As The Sparks Brothers celebrates the Mael Brothers’ creativity and persistence, Wright is also exploring why Sparks failed to really latch onto the cultural zeitgeist despite these moments that are seemingly breakthroughs. Nobody is out making excuses as to why Sparks isn’t the biggest band ever. Quite the opposite, actually. The film makes the case that despite their obvious greatness Sparks would never be a smash hit because they defy expectations, too musically daring and lyrically challenging to garner the widest possible audience. But the film doesn’t seem to lament the downturns that occurred in the career of Sparks with many interview subjects making the case that Sparks is truly special because they’re too weird for the masses.

There are a number of fascinating tidbits about the Mael Brothers in The Sparks Brothers. There are stories about the music business and the difficulties faced by a band that isn’t easily categorized. There are stories about the movies of their youth and how their music is heavily influenced by cinema. Then there are the attempts at breaking into the movies that leave Sparks fans with some of the most incredible what-ifs imaginable. At one point the brothers were going to work with legendary French director Jacques Tati, only for the director’s poor health to derail the project. Then there was a musical they had written with Tim Burton attached to direct, which also fell apart. Eventually, Sparks do find their way into the movies with their upcoming musical directed by French director Leos Carax, Annette, which is set to premiere later this year and stars Adam Driver. The film ends on an upbeat note, with Sparks amidst a creative revival (not that they ever stopped) with their most recent albums Hippopotamus and A Steady Drip, Drip, Drip, their artistic persistence not granting them international stardom but giving them the means to follow their vision unimpeded by record label considerations.
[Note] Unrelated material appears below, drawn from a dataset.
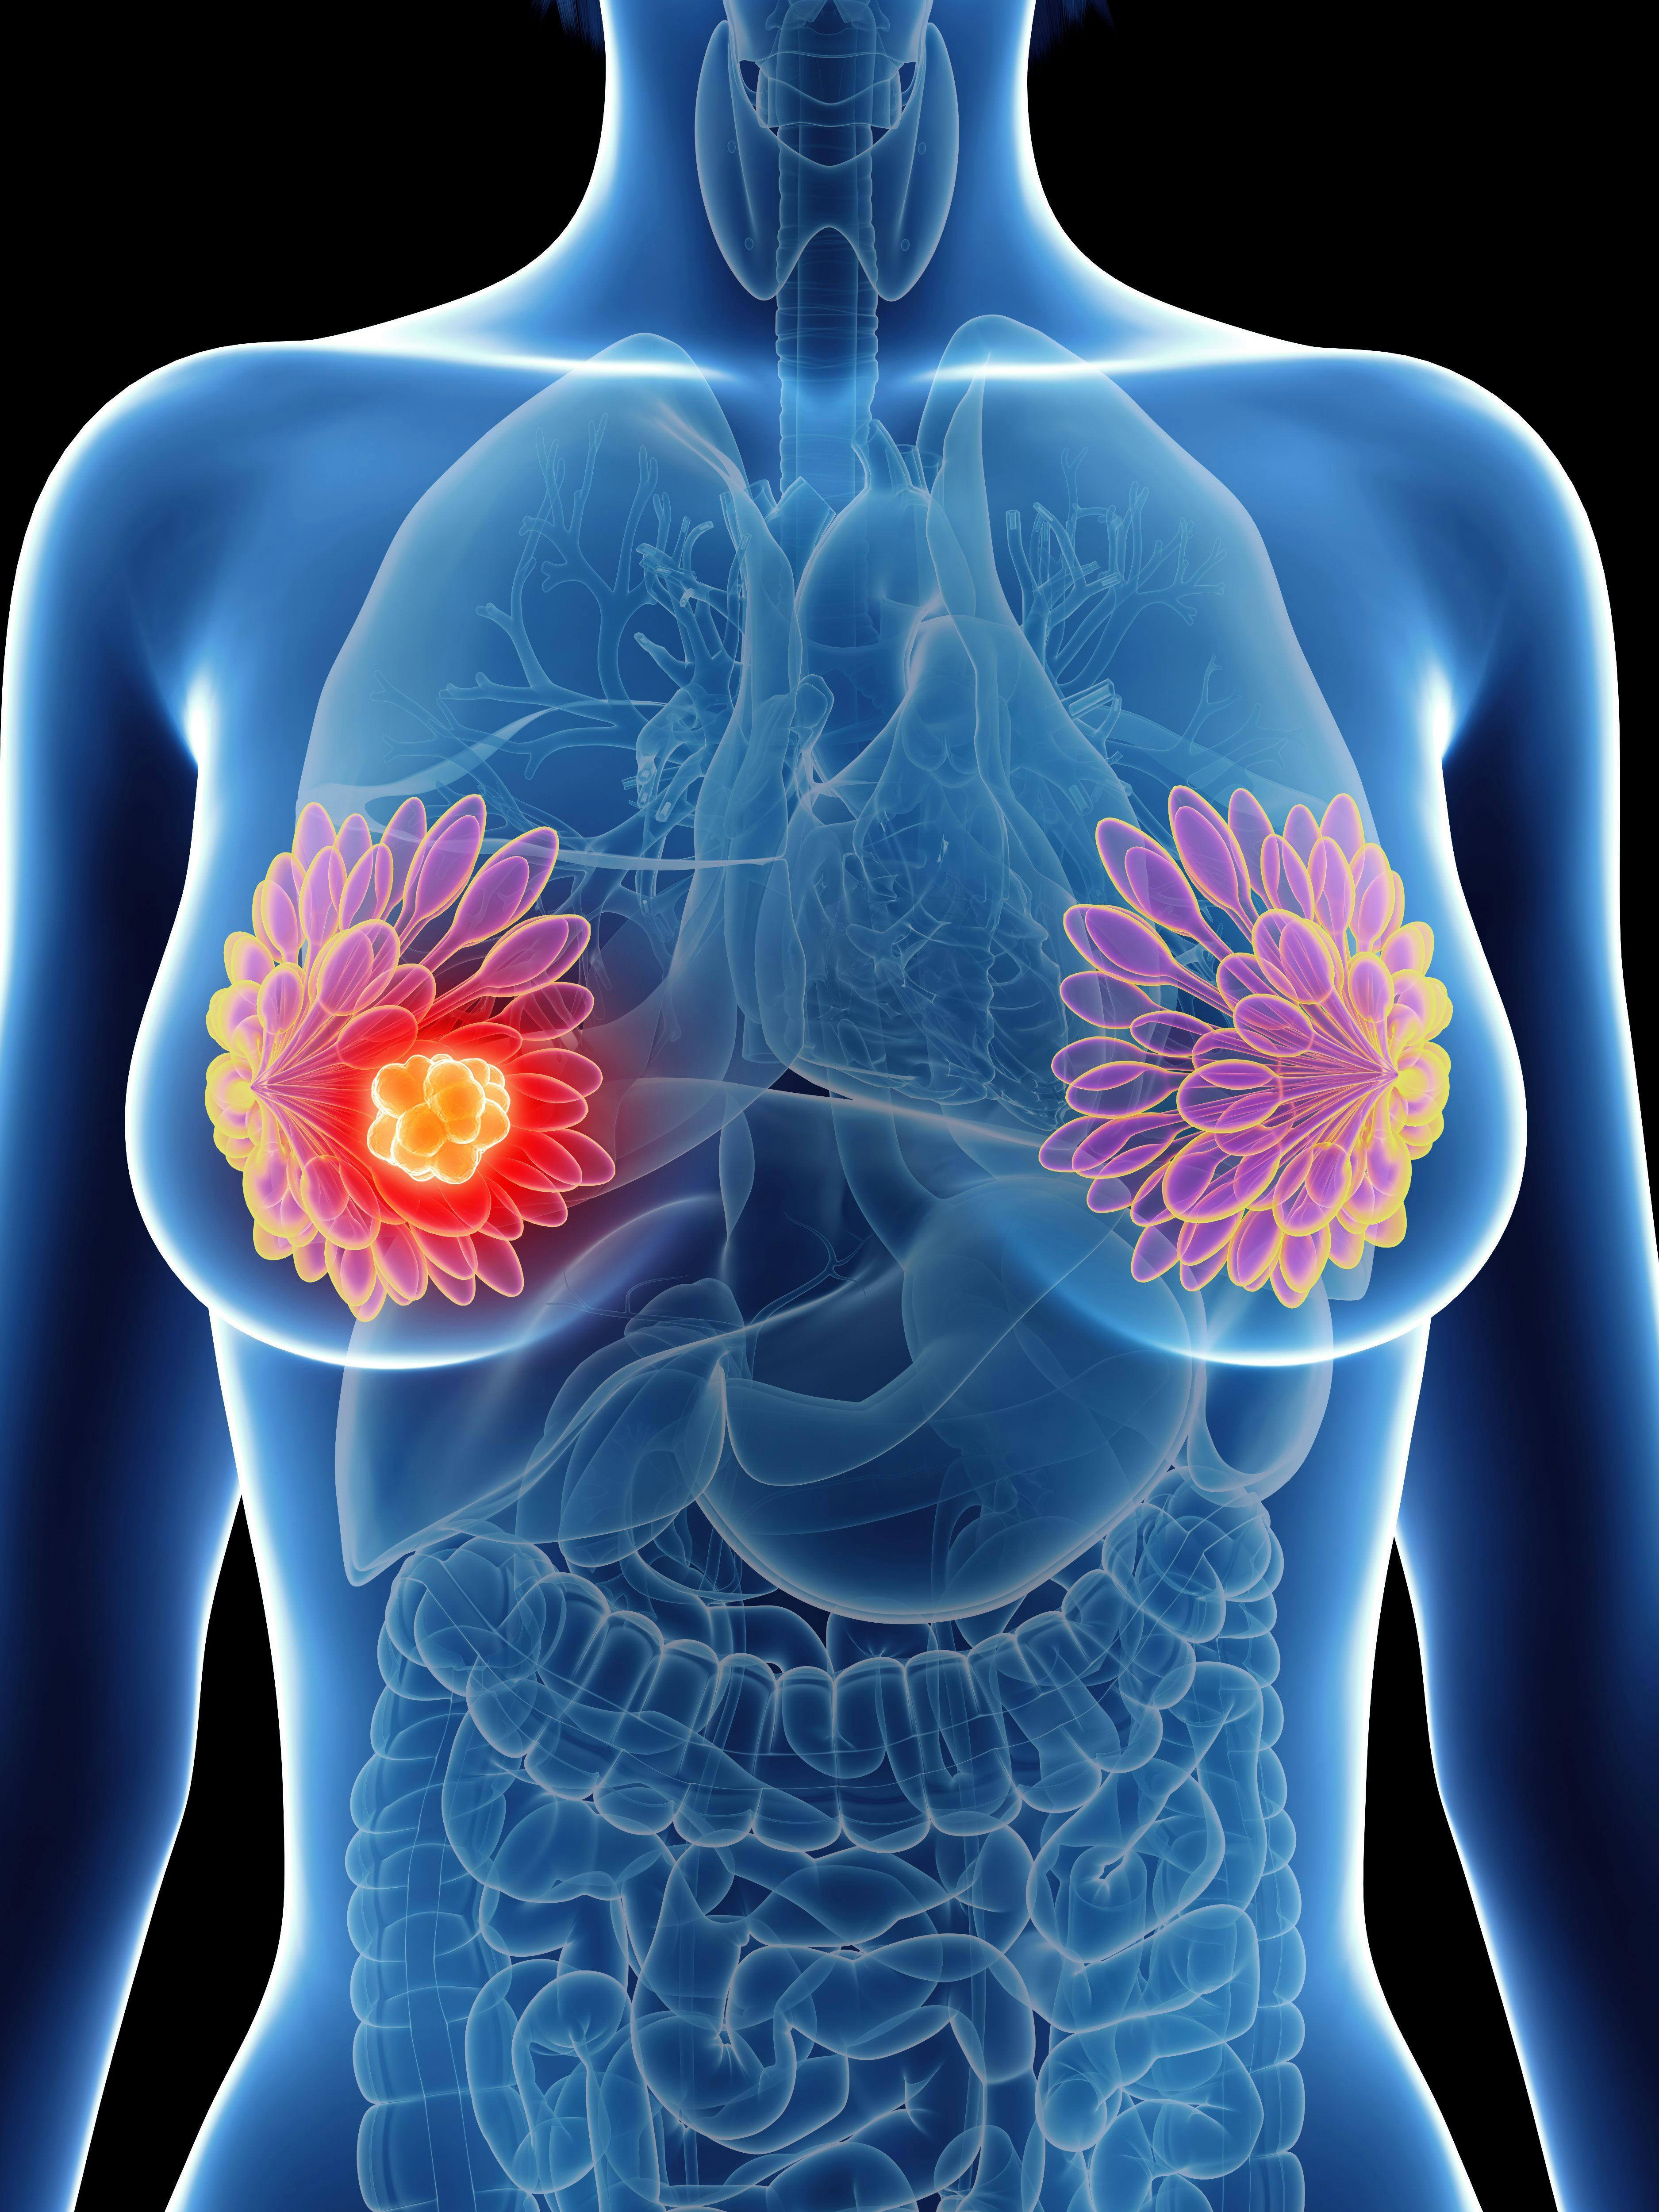 Tamoxifen Plus Extended Letrozole Improves DFS in Postmenopausal Breast Cancer

Edgar Wright set out as a fan and a filmmaker to make the definitive portrait of Sparks, and with The Sparks Brothers he has succeeded tremendously. The Spark Brothers captures the spirit of the band, the quirky sense of humor and daring artistic sensibilities. It was made through the lens of a hardcore fan wanting to celebrate his favorite band, and the film most certainly does that. It also works as a crash course for those uninitiated into the world of Sparks. But beyond simply celebrating the band, Wright uses The Sparks Brothers to celebrate the creative process. The Sparks Brothers does run a bit long at around 135 minutes, but that’s simply because there’s so much to the story of Sparks and Wright isn’t going to omit or gloss over any aspect of this band’s incredible career for the sake of brevity – they’ve been overlooked enough. As is clear from the entirety of The Sparks Brothers, Ron and Russell Mael aren’t going anywhere. They’ll continue making the music that they want to make. Thanks to Edgar Wright expending his vast talents on their story, the fan base for Sparks is about to expand. As someone wiser than myself once said, talent is an asset and The Sparks Brothers certainly have it.

The Sparks Brothers
  • Overall Score


A documentary about the art pop duo Sparks, director Edgar Wright crafts a loving ode to a cult music oddity that will please hardcore fans and create a whole set of new fans in an entertaining, illuminating, and often funny portrait of the Mael Brothers.